With respect to the concern regarding barriers to entry, it is not CDS's intention to mandate such agreements, except where continuing non-compliance with the IP Rules is discovered by CDS. While CDS recognizes that the language would theoretically permit the management of CDS to mandate such agreements for all Participants at any time, CDS would respond that Rule 3.2.3 gives every Participant a right of appeal of any management decision to the full Board; if not satisfied with the Board's response, a further right of review to the securities commissions is provided by Rule 3.2.4.

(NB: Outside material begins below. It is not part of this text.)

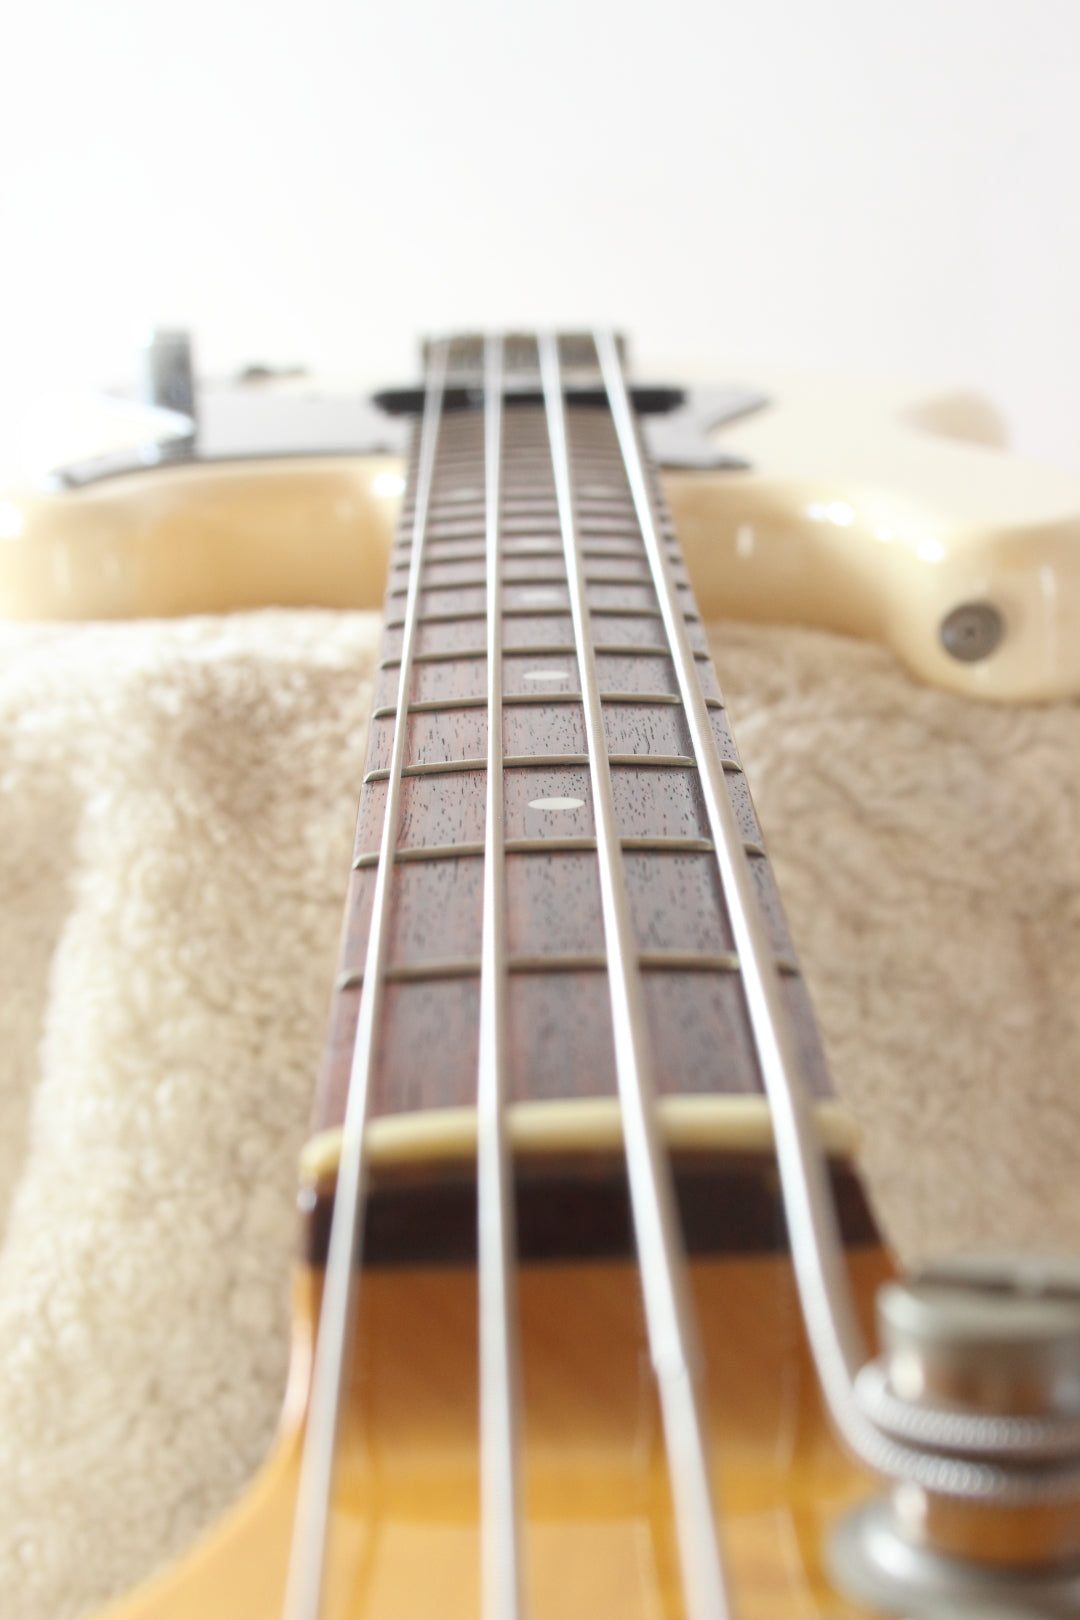 Fender Japan '70 Reissue Precision Bass PB70-70US Olympic White 1999-02
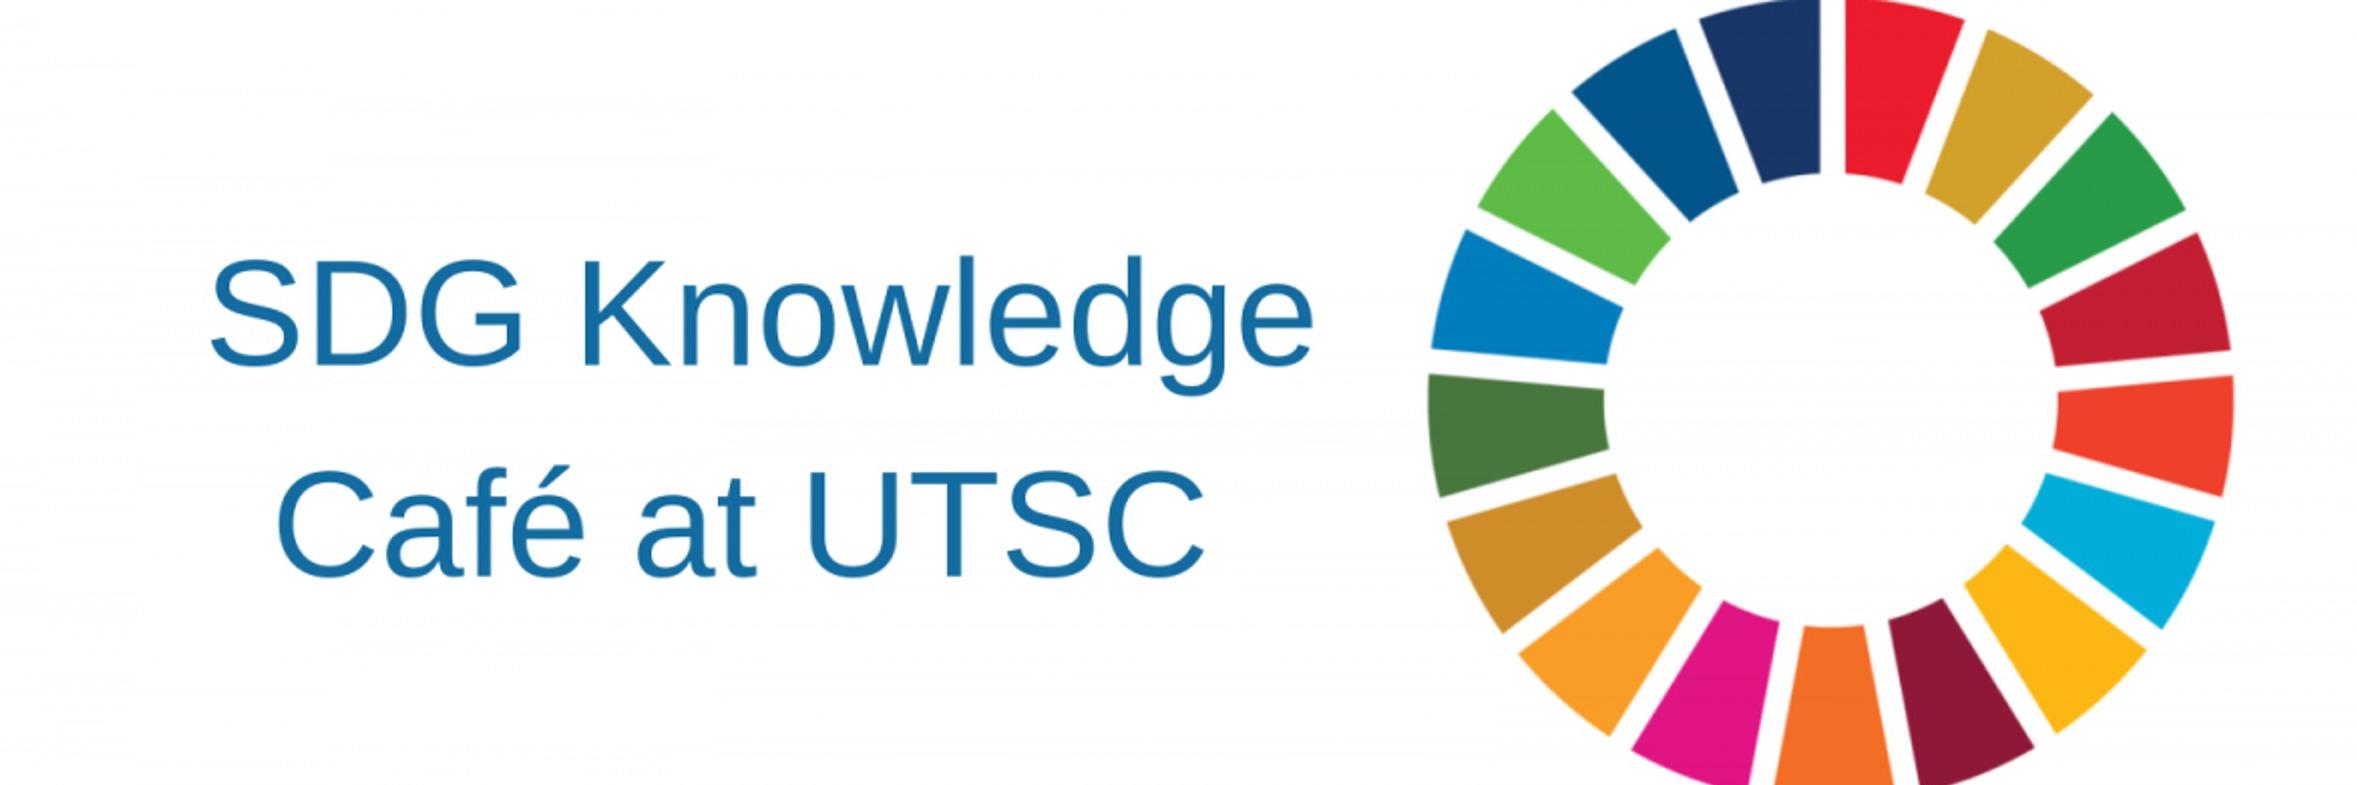 SDG Knowledge Cafe at UTSC banner

Comment 7 - CIBC Mellon Global Securities Services Company, RBC Dexia Investor Services Trust, and State Street Trust Company of Canada

The three commentators expressed concern with respect to the scope of the disclaimer contained in proposed Rule 3.8.4. The commentators requested: that Participants receive some representation that CDS has sufficient rights in the Services to grant Participants the right to use such for their intended purpose; that, to the extent that CDS receives representations and warranties from third parties, Participants receive the benefit of such; and that, notwithstanding the 'as available' limitation on the Services, Participants should not be responsible for fees or expenses relating to Services not provided by CDS and that CDS should use reasonable endeavours to procure replacement Services.

CDS Response

CDS proposes to amend proposed Rule 3.8.4 as follows (marked for changes from the published Rule):

"3.8.4 Disclaimer

Certain Services and CDS Works provided by CDS to the Participants are dependent upon the provision to and use by CDS of information, including Security Information, from third parties. CDS represents that it has the right to grant Participants the right to use the Services, CDS Works and Security Information, but otherwise does not guarantee or make any representations or warranties whatsoever, and there are no conditions, express or implied, in fact or in law, with respect to the accuracy, adequacy, timeliness, completeness, sequence, merchantable quality or fitness for any particular purpose of any such information, which is provided on an "as is", "as available" basis. Upon the written request of a Participant, CDS will appoint such Participant as its agent to assert, while such Participant is a Participant, any right CDS may have to enforce a third party supplier's representations or warranties received by CDS, if any, provided that the Participant shall indemnify and hold harmless CDS, Nominees, Custodians and their respective partners, directors, officers, employees and agents, from and against any loss, damage, cost, expense, liability or claim (including the cost of legal counsel to advise on or defend against such claims) suffered by or made against it, them or any of them arising from, or which they may incur as a result of, the taking of steps at the request of the Participant or the bringing by the Participant of an action in the name of CDS, a Nominee or a Custodian, pursuant to this Rule 3.8.